Solution: The first solution is simply to be honest and put a note on social media or your website about the unusual circumstances so customers understand what wait times to expect.
Another option is to hire an on-demand customer service team. While dedicated teams are designed to handle a predictable volume of support and grow with your business over time, flexible teams can help during busy seasons, but wind down when you have things under control again. An AI-powered business messaging platform can help to manage your mountain of support tickets by rerouting basic requests through to a chatbot.
Time zones can be a big challenge for customer support teams, especially if you have customers around the world who would like support 24/7. Asking your customer support team to work nights or evenings just isn’t sustainable, so you need another solution.
Solution: With a follow-the-sun model, you can outsource some of your customer support needs to associates in other time zones. For example, a combination of nearshore and offshore outsourcing means your customers will always have support, no matter where they are.
One mistake that companies make is to introduce new communication channels without integrating them into a customer relationship management (CRM) system to track engagement, conversion rates, and other customer success metrics.
After all, customer service works best if you interact with your customers at various touchpoints along the customer journey – not only when they need help. You can ask customers to leave a review after buying a product, or send a special offer if you haven’t heard from them in a while.
Solution: By choosing CRM marketing automation software with the functionality you need – such as a chatbot that helps with general questions or marketing automation tools to follow up with potential customers – you can provide an excellent customer service experience that improves customer loyalty.
The last customer service challenge that companies are likely to encounter is when a product doesn’t meet customer expectations. A customer may call your team suggesting you offer services or features that don’t quite align with your company’s vision. While your customer associates may be tempted to offer an optimistic, “We’ll consider that,” this can lead to false hope.
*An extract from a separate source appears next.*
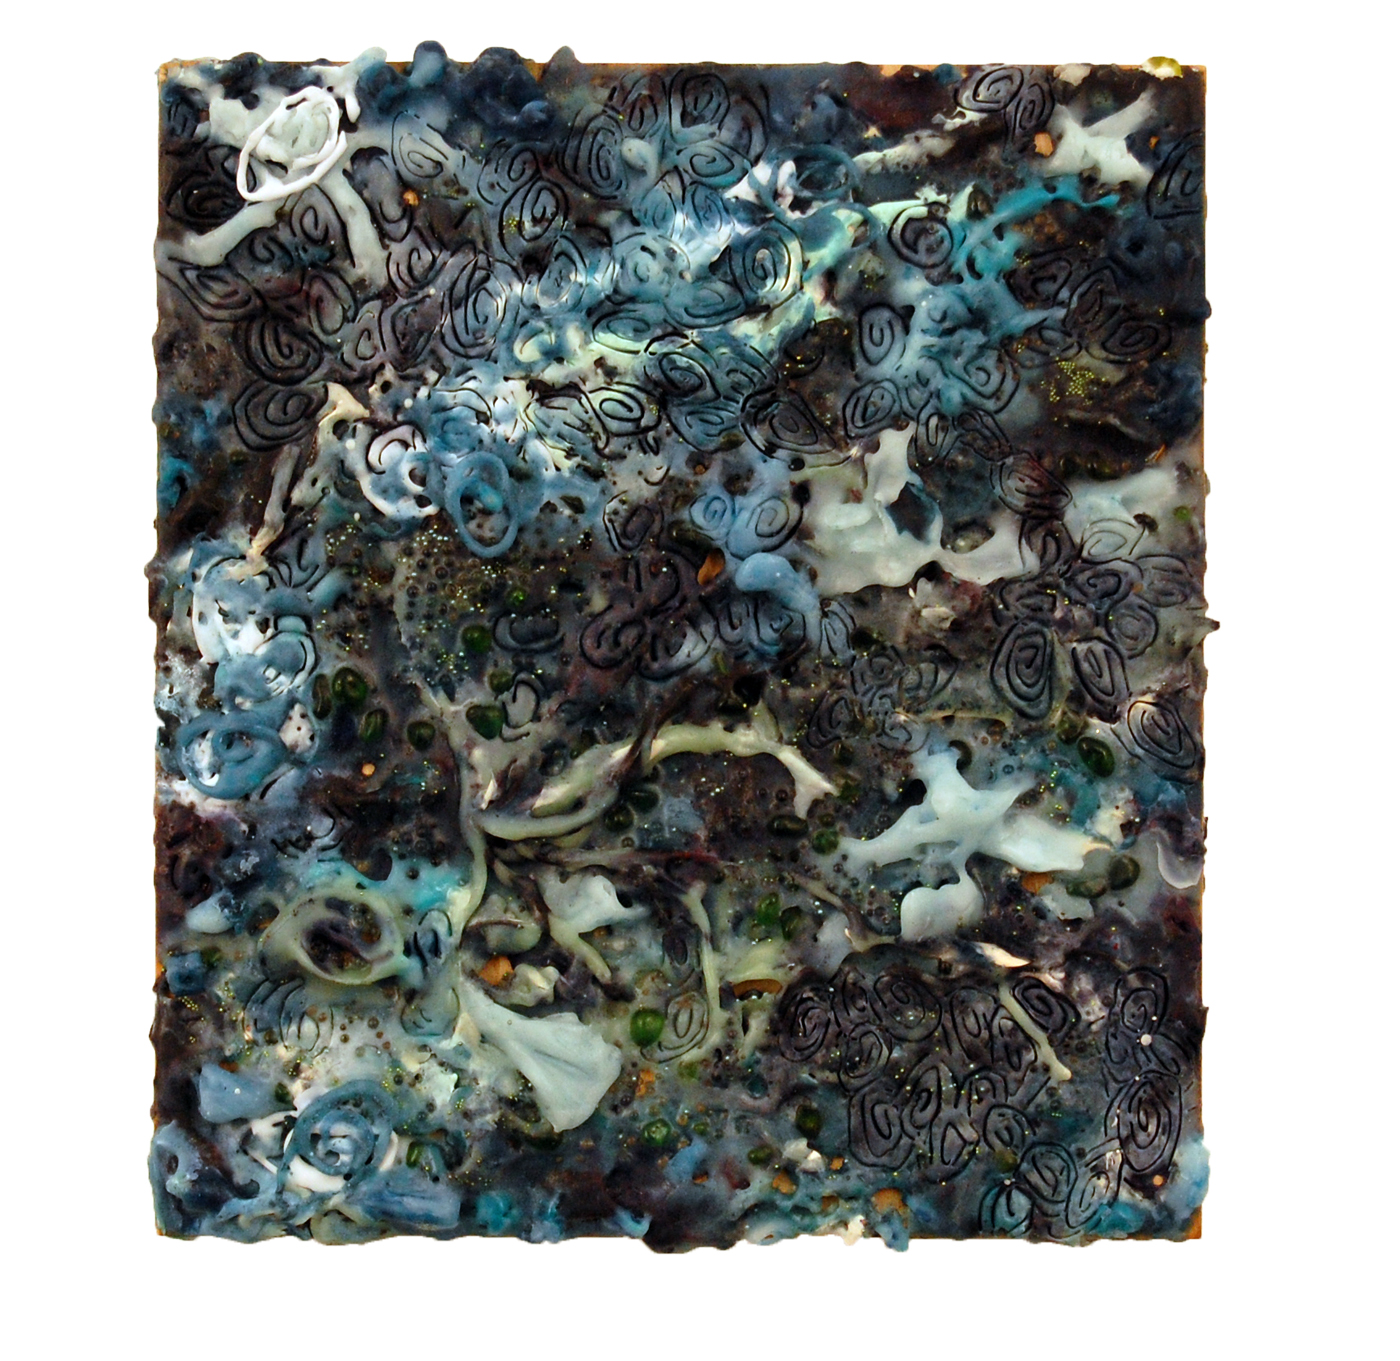 Sea Level, 2012, encaustic and glass beads on panel, 8 x 9 inches

Solution: Be honest and let the customer know that while you appreciate their feedback, you can’t act on it right now. Then, point them toward a suitable alternative.
For software products, one option is to release a product roadmap so customers can see for themselves what’s in the works and when new features are likely to be available.
Customer service challenges can arise from many unexpected scenarios, including rapid growth, lack of accessible customer history, and time zone issues. While many customer service challenges can be mitigated by planning ahead and creating protocols for dealing with them, some challenges may require extra support or resources.
Stay on top of customer service challenges by identifying them early and addressing them before they become a recurring problem.